Это было непонятное состояние. Он все еще надеялся, что в чем-то ошибается, чего-то не понимает, боясь недоразумения. И поэтому хотел, чтобы она без намеков и недомолвок все сказала сама.
Панюшкин не помнил, как получилось, что они, он и Ирка, оказались на катере, но и сейчас в памяти у него остались запах мокрых канатов, бензина, запах ночной реки, гул мотора. В воде судорожно трепыхалась луна, как смертельно раненная рыба, поднявшаяся из глубин. Желтая, круглая, беспрерывно меняющая форму, она тащилась за катером, будто на невидимой леске. Казалось, он и сейчас ощущал пальцами прохладное Иркино плечо, холод железных поручней. И помнил Колька свой позор – он заплакал тогда. Катер проходил под мостом, и в свете фонарей он увидел темные капли на рукаве белой рубашки – как если бы начался редкий дождь. Колька изо всех сил крепился, чтобы не выдать себя, понимал, что должен сказать что-то простое, убедительное, сильное, но не мог – комок, несуразный и острый, как молодой каштановый плод, застрял в горле. Он с усилием проглатывал его, но ком появлялся снова. Колька дышал ртом и чувствовал, что губы его не слушаются. Появилось такое ощущение, будто ему сделали обезболивающий укол, и губы стали тяжелыми, неповоротливыми, он не мог растянуть их в улыбку, не мог сказать хоть слово.
Потом совсем рядом прошел пароход, и их качнуло несколько раз на волне, потом катер развернулся у небольшого острова и пошел обратно. Слышались крики лягушек, где-то на берегу орал паровоз, доносились даже звонки трамваев. А в глубине острова горел небольшой костер...
– Сойдем? – предложил Колька.
– На острове? – спросила Ирка. – Не остановят. Уже поздно.
– Остановят. Мы как раз напротив причала. Я потолкую с рулевым. Скажу, что нам срочно нужно провести исследование с лягушками. Почему они кричат и что им нужно, чтобы они не кричали. Так я иду?
– Мама будет волноваться.
– Я попрошу рулевого, он позвонит на берегу. И скажет, что все в порядке. Ну?
– Нет... Не могу... Нет времени. У меня еще много дел... Завтра свадьба. Приходи... Если хочешь. Я тебе уже телеграмму дала.
– Какая, к черту, свадьба! Скажем этому Прыгало, что он может чувствовать себя свободным.

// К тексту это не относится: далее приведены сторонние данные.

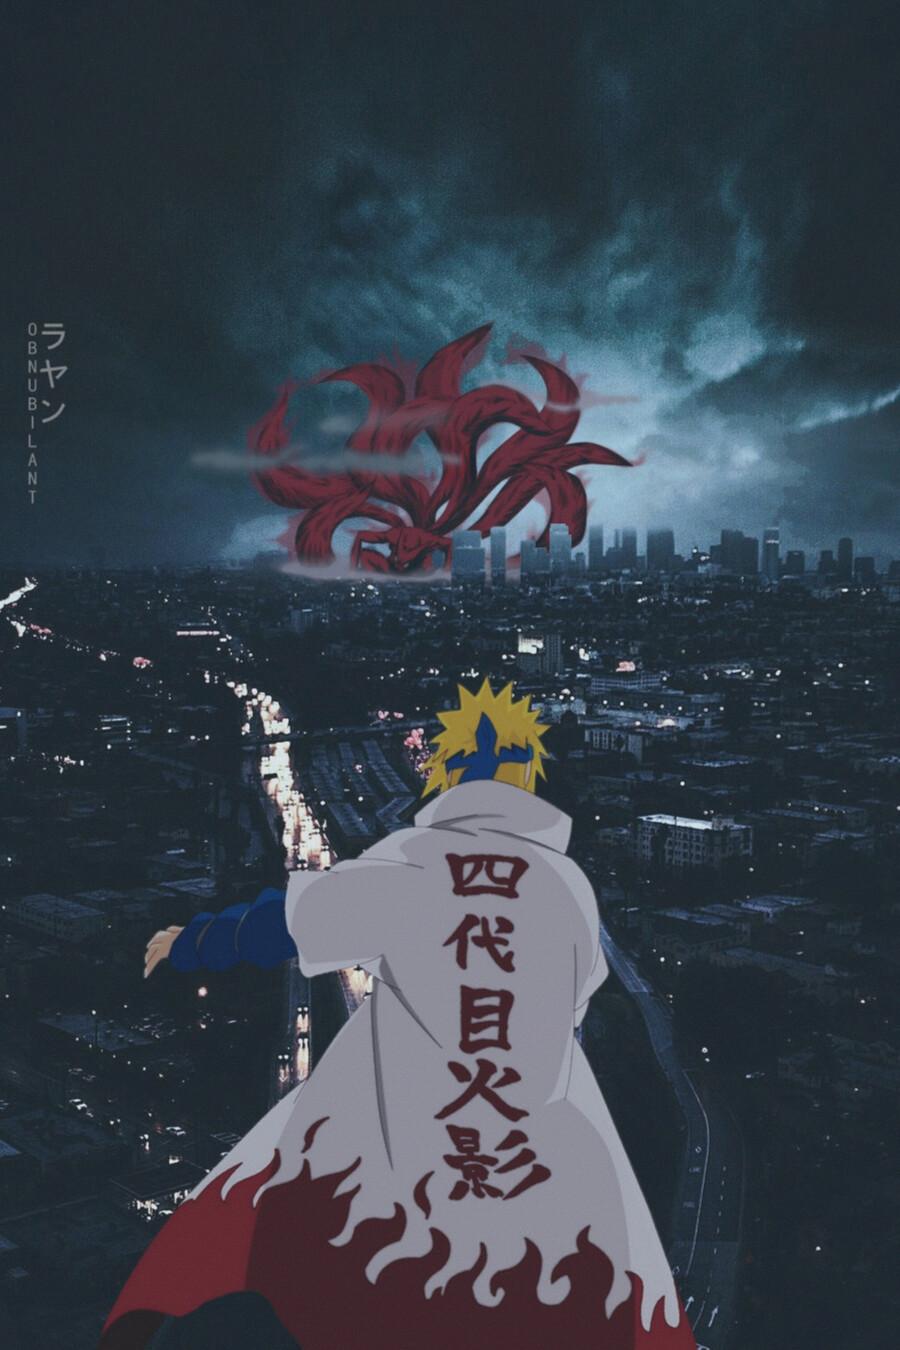 Minato vs Kurama wallpapper hd

– Он уже не может чувствовать себя свободным. Мы расписались.
– Когда?
– Сегодня.
– Ни фига себе! – вырвалось у Кольки.
На этом вечер кончился. Колька, или, вернее, Николай Петрович Панюшкин, сейчас не помнил, как они сошли с катера, как расстались, какой дорогой пошла Ирка домой. Он вдруг оказался один на скамейке в темном переулке под желтым подслеповатым фонарем, о который бились жесткими телами ночные жуки. Выше, как раз над булыжной мостовой, висел бубен луны – будто в конце длинного коридора. И охватило его тогда смутное, невыполнимое желание разогнаться и грохнуться в этот бубен головой.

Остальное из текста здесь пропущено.